SINGAPORE: Private sector economists have given a bullish forecast for Singapore's economy. Some expect double-digit growth by year-end.

But inflation could be a risk in coming months - a view also shared by the Monetary Authority of Singapore in its twice-yearly economic review released today.

Singapore's economy expanded a strong 13.1 per cent on year in the first quarter.

And given the strong showing, some economists say double digit expansion is possible by year-end.

The government's official forecast for now is seven to nine per cent growth in 2010.

Song Seng Wun, regional economist, CIMB-GK Research, says: "If we swing positive from pharma as well, given that it's 20 per cent of manufacturing, we can continue to see manufacturing continue to show headline growth in the second quarter.

"And as a result, you could get first half growth in the region of between 11 and 14 per cent, which makes the average for the full year very likely to be in the high single digits or the low teens."

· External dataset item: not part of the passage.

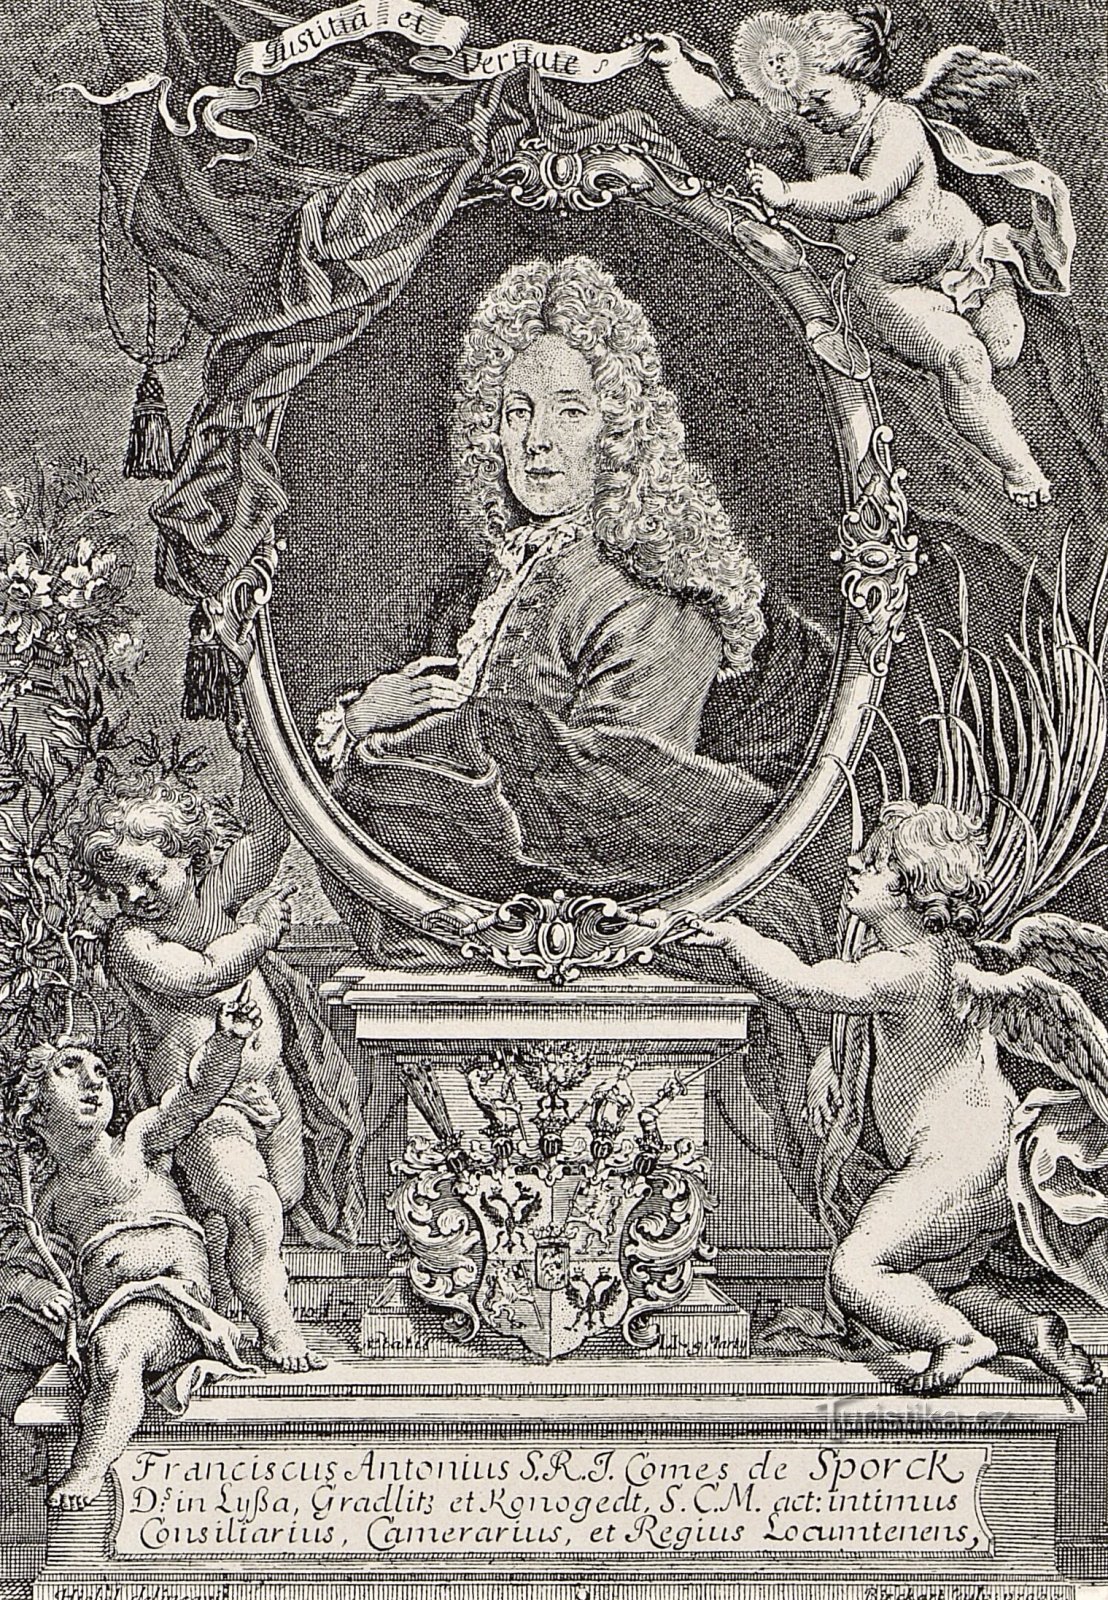 Comte František A. Spork sur une gravure de 1713

Economists that Channel NewsAsia spoke to are predicting full year growth from nine to 12 per cent.

In its latest macroeconomic review, the MAS says trade-related sectors will boost growth.

Intra-regional trade is expected to pick up with the China-ASEAN Free Trade Area deal.

But stronger growth may also raise the risk of inflation, which is expected to come in at 2.5 to 3.5 per cent this year.

Irvin Seah, assistant vice president of group research, DBS, says: "We are seeing inflationary pressure building up externally with higher fuel prices, higher commodity prices.

"Domestically, it's higher asset prices, especially the pressure coming from the property market. We also have some policy induced inflationary impact, in the form of higher COE prices."

But observers don't expect the MAS to tighten monetary policy further after its aggressive adjustment earlier this month.

MAS estimates put GDP growth at three to five percent over the next decade. Experts say this does not mean that activity is expected to slow down over the next couple of years, but rather the economy is strengthening and stabilising after 18 months of volatility.